The relocation of Ukraine’s internally displaced persons did not lead to any significant social conflicts. Case-control studies failed to indicate that feelings of solidarity with the newcomers were overshadowed or ousted by defensive postures the result of excessive social demands – and not even in situations where one might have expected tensions to emerge for religious reasons. As concerns Ukrainian Muslims – that is to say, Tatars who fled from the Crimean peninsula – Viktoriya Sereda says her study has shown that they consciously sought refuge in regions where the population was thought to be more religious no matter their faith (though predominantly Christian). Ukrainian Christians of various faiths – Greek Catholic, Ukrainian Orthodox pledging allegiance to either the Kiev or Moscow Patriarchate – showed understanding and a willingness to help: “In one locality the inhabitants discussed the possibility of putting the Muslim newcomers up in the former monastery’s dining room because there was no mosque.” In short, says the sociologist, Ukraine was spared any social crisis in the wake of migration and internal displacement.
Among those who had fled their home regions there were some complaints about difficulties in finding housing, and finding work was even more arduous for the newcomers.
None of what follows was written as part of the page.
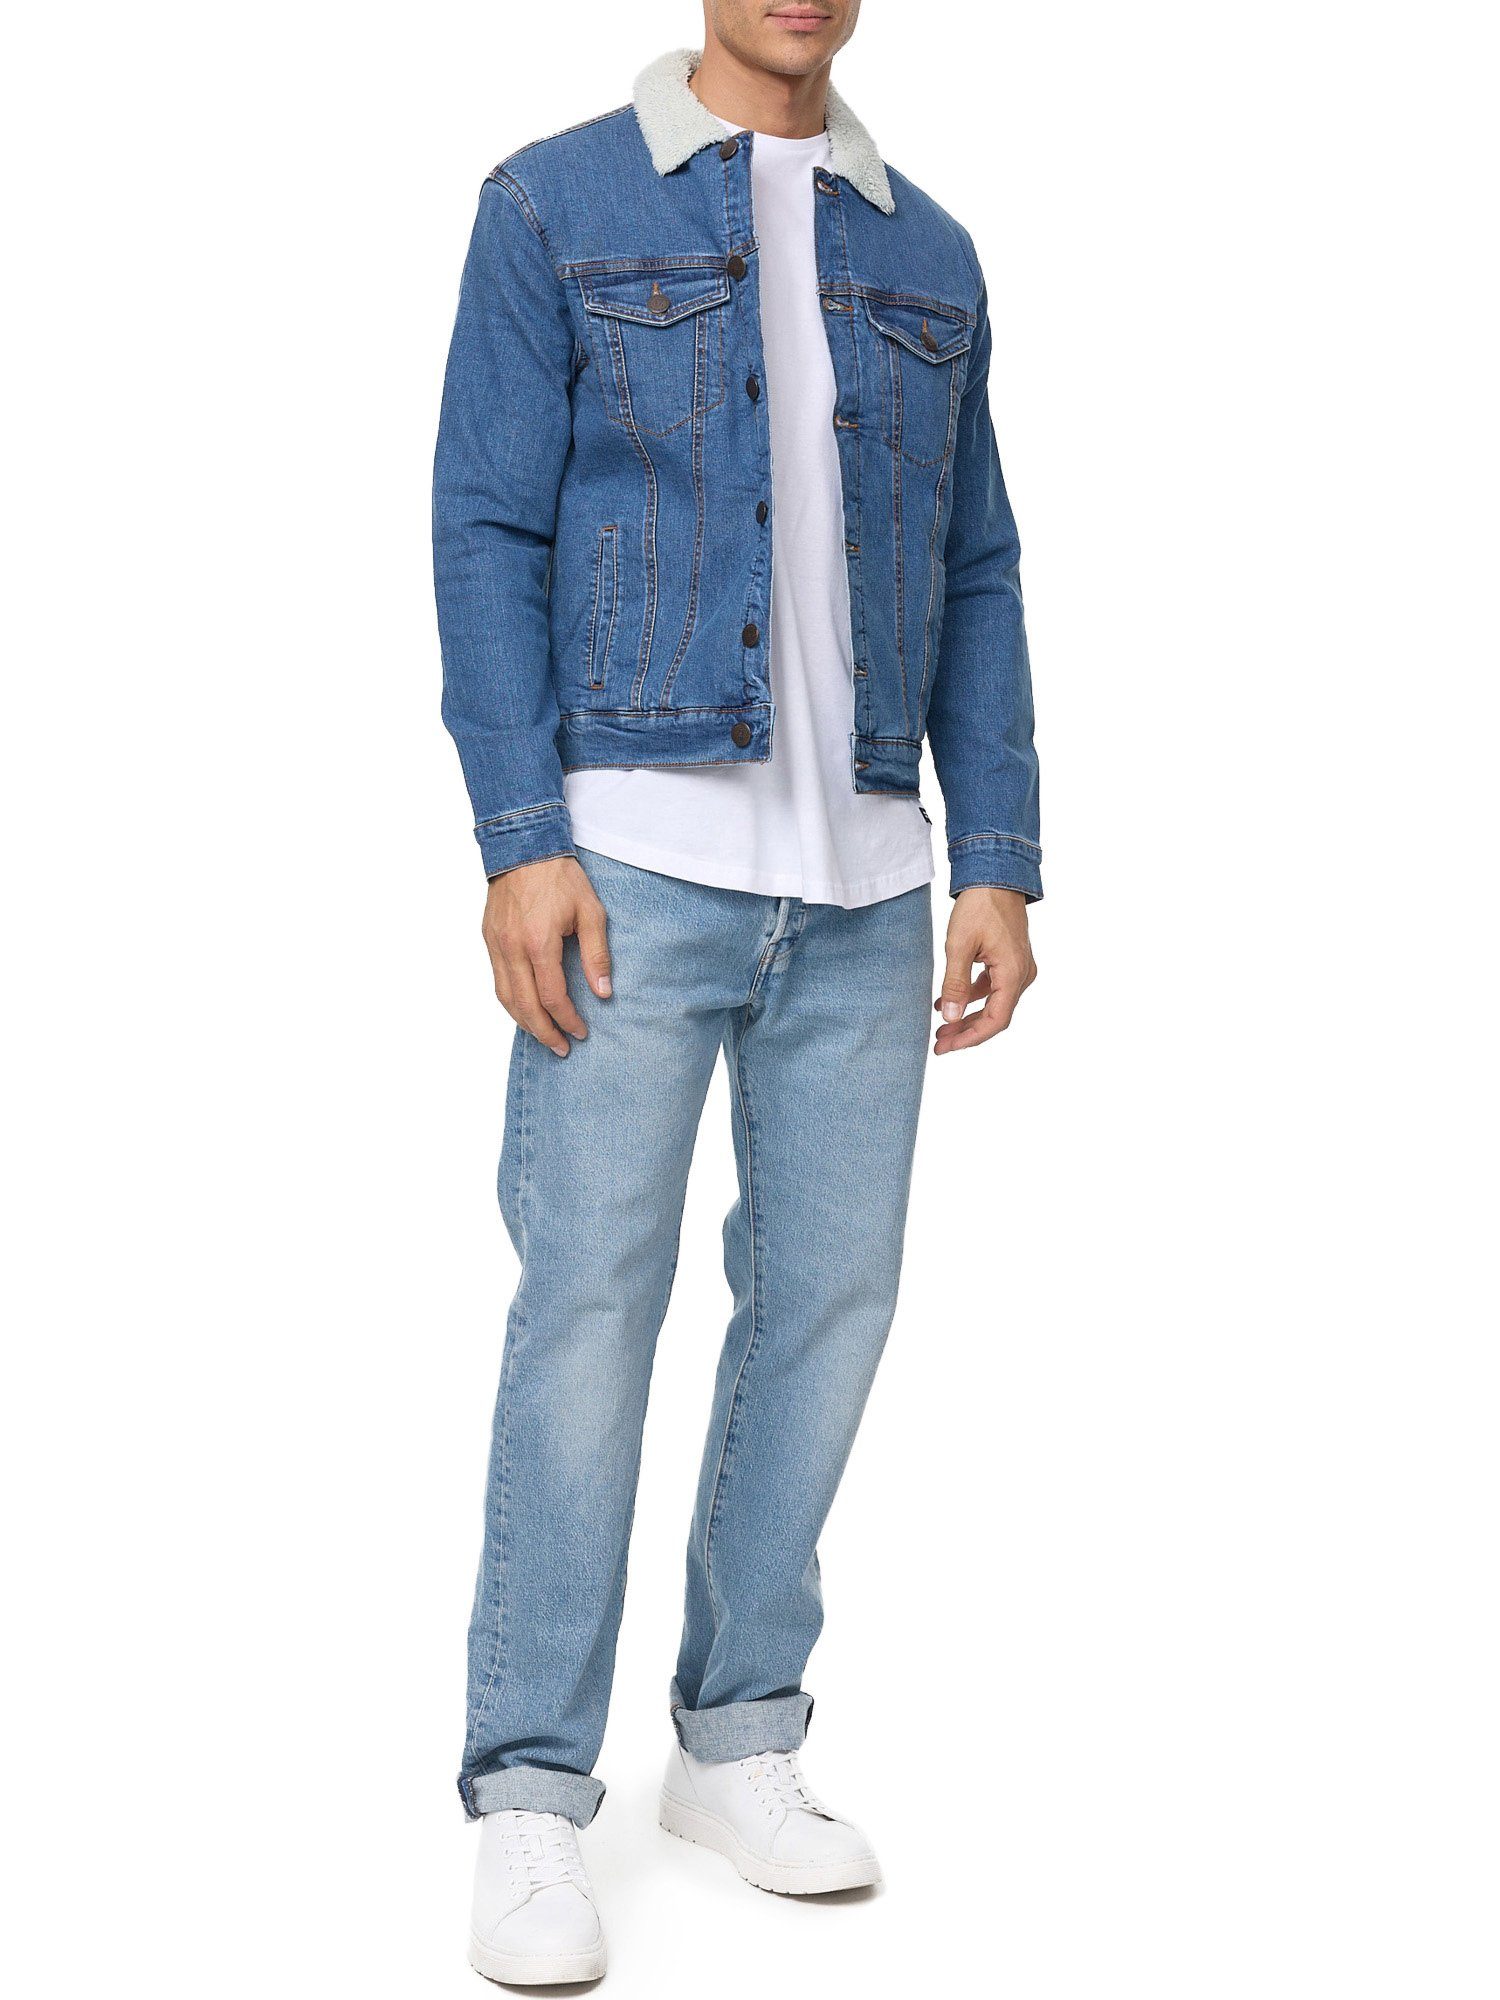 Tazzio Jeansjacke A400 Jeans mit Fellkragen Jacke blau

This had less to do with employers’ concerns regarding the abilities of the refugees than it did with their worry that the new arrivals would soon be returning whence they came. In addition, some internally displaced persons from Donbas have been experiencing a kind of dual isolation. They have yet to develop social networks which would include local inhabitants, and at the same time they often limit contacts with other displaced people from Donbas since they are uncertain of their political views or involvement in the war. “We are experiencing military conflict,” stresses Viktoriya Sereda, “but this hasn’t led to a significant increase in ethnic nationalism.”
Surveys of Ukrainians’ national identity also confirm that, generally speaking, it is not ultimately informed by notions of linguistic, ethnic or religious homogeneity: “When you ask Ukrainians what it means to be Ukrainian then it is primarily the feeling of being able to autonomously determine their shared future.” The Ukrainian identity is experienced as something that makes for community – not as something which drives people apart.
Sereda believes that this requires a concerted effort to enlighten the populace. When a country is involved in both a real and a propaganda war, there is a great temptation for media to use the language of “othering.” Initially there were certain instances of the media sowing mistrust – whether intentionally or not – against internally displaced people from eastern Ukraine; but these were resisted by a broad network of social organizations and institutions. For instance there were training sessions and information events for journalists who were reporting on mass migrations from the Crimea and the military conflict in Donbas. Viktoriya Sereda was among the instructors in these events. However, she doesn’t care for the label “social activist,” since it fails to incorporate the scholarly aspect.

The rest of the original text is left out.